In 1831, Charles Darwin, a recent Cambridge University graduate, helped experienced geologist Adam Sedgwick excavate rock layers in northern Wales. They discovered fossils in shale rocks dating to the Cambrian period of Earth’s history. At age 22, Darwin didn’t realize how significant their findings were. It wasn’t until many years later, when he published his book On the Origin of Species, that he was troubled by the “explosion” of Cambrian fossils. What exactly troubled Darwin about these fossils?
Scientists call the sudden appearance of Cambrian fossils the “Cambrian explosion.” These fossils come from a time when Earth’s first major animal groups appeared abruptly, with no clear predecessors. This challenges the idea of gradual evolution. That’s what troubled Darwin. The Cambrian explosion was a rapid appearance of most of the major animal groups that ever lived on Earth.
Darwin published his famous book On the Origin of Species in 1859, twenty-eight years after helping find the first Cambrian fossils. He believed life’s history would look like a branching tree, starting with single-celled organisms and each branch gradually becoming more complex. He thought that life evolved in small steps over long periods through natural selection. What troubled Darwin was the sudden appearance of Cambrian fossils without ancestors, but he expected future fossil discoveries to show gradual evolutionary changes.
However, things didn’t go as Darwin expected. In 1886, during the construction of the Canadian Pacific railroad across Canada, new Cambrian fossils were found in the Rocky Mountains. In 1909, Charles Walcott discovered fossils of soft-bodied Cambrian animals without predecessors in the Burgess Shale of British Columbia. These new animal forms were more complex than the ones Darwin knew, yet they still appeared suddenly without showing gradual evolution.
In 2014, another site in British Columbia, called Marble Canyon, revealed more troublesome fossils. In 1988, paleontologists uncovered exceptionally well-preserved specimens in Chengjiang, China. Now, another site in Huayuan, China, has revealed even more soft-bodied fossils with remarkable soft tissue preservation.

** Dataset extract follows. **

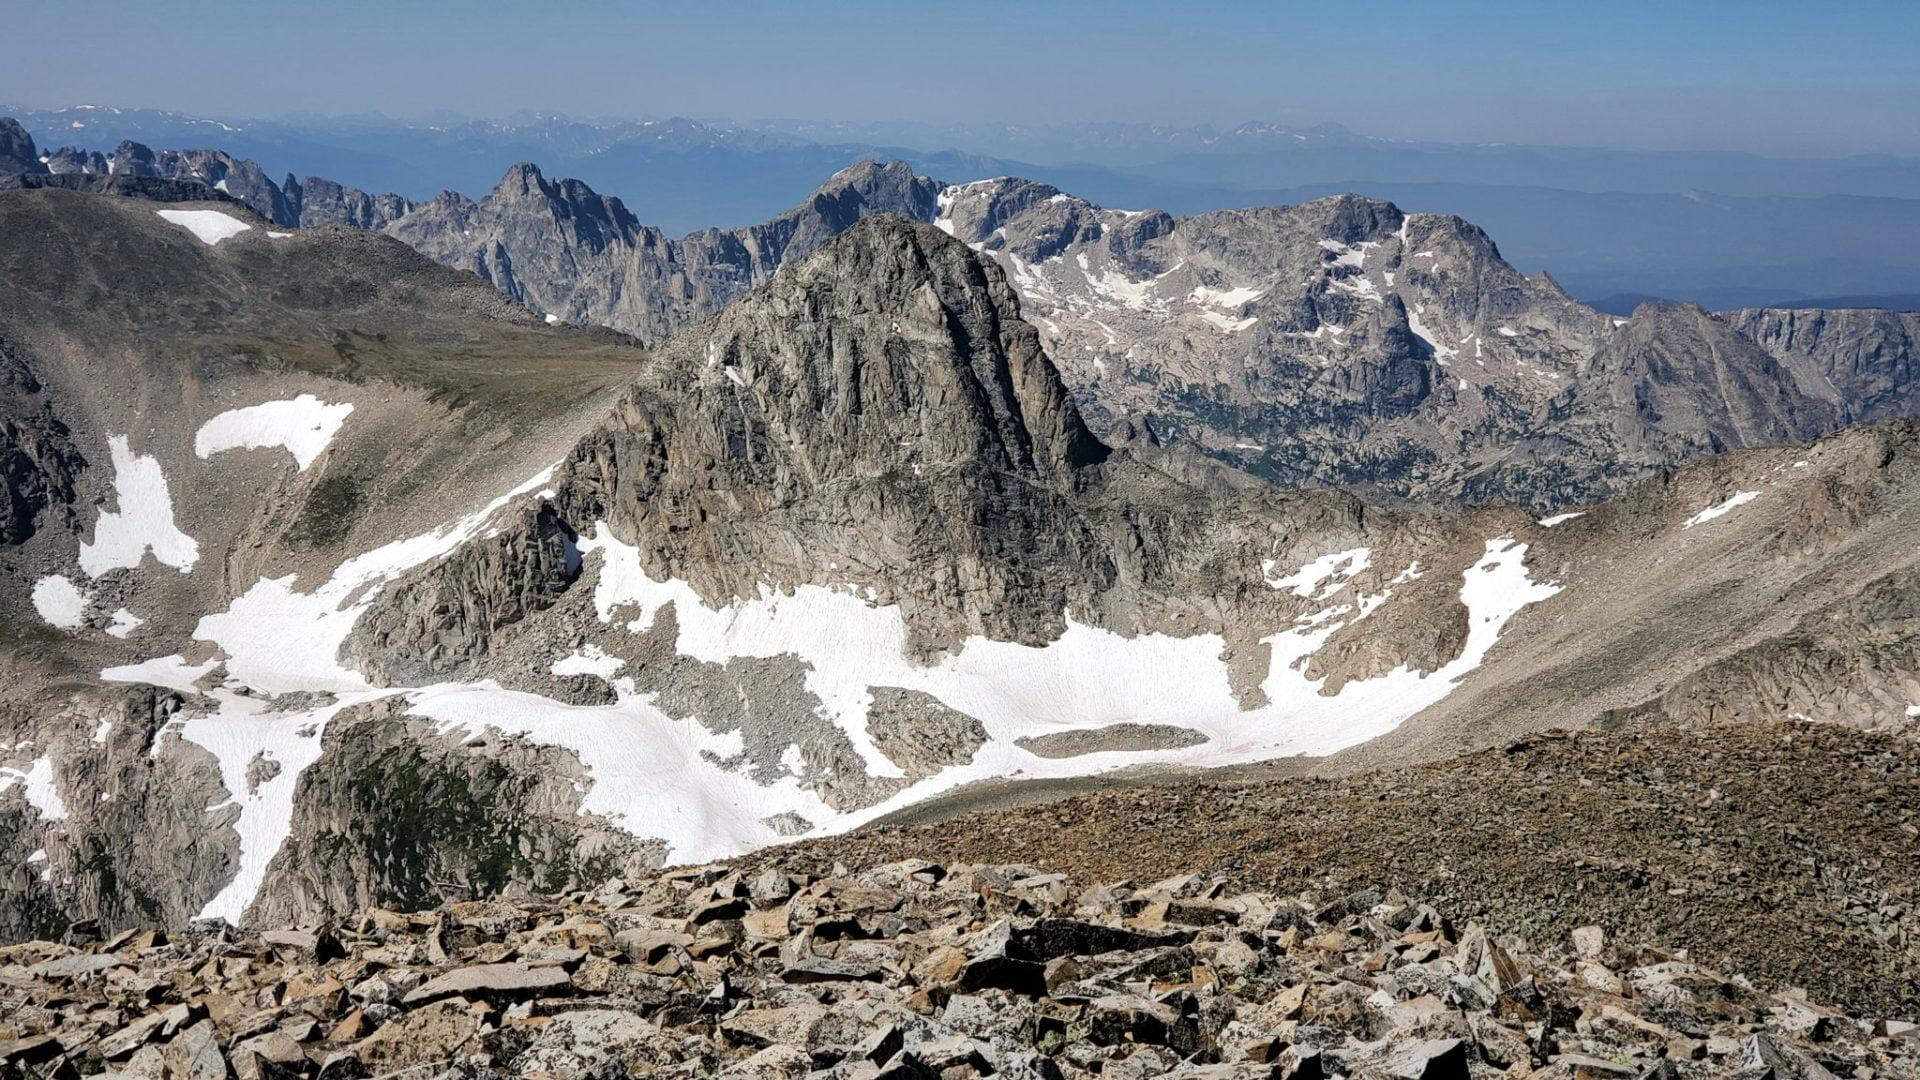 Paiute Peak 13,088'

Researchers have collected over 50,000 fossils and identified 153 animal species, 59% of which were previously unknown. These fossils span 16 animal phyla.
Some evolutionists suggest that missing links are hard to find because soft animal tissues don’t fossilize well. But this new discovery at Huayuan preserved delicate soft tissues in detail, from worms to jellyfish, showing gills, guts, and even nerves. They were preserved because they were buried quickly in a muddy slurry that turned into shale.
The key point is that many animals from the Cambrian period appear suddenly on opposite sides of the planet, with no signs of gradual change. They show no clear evolution over time. Darwinism cannot fully explain this puzzle, but those who believe in an intelligent divine Creator see these discoveries as making perfect sense. What troubled Darwin in 1859 would trouble him even more today.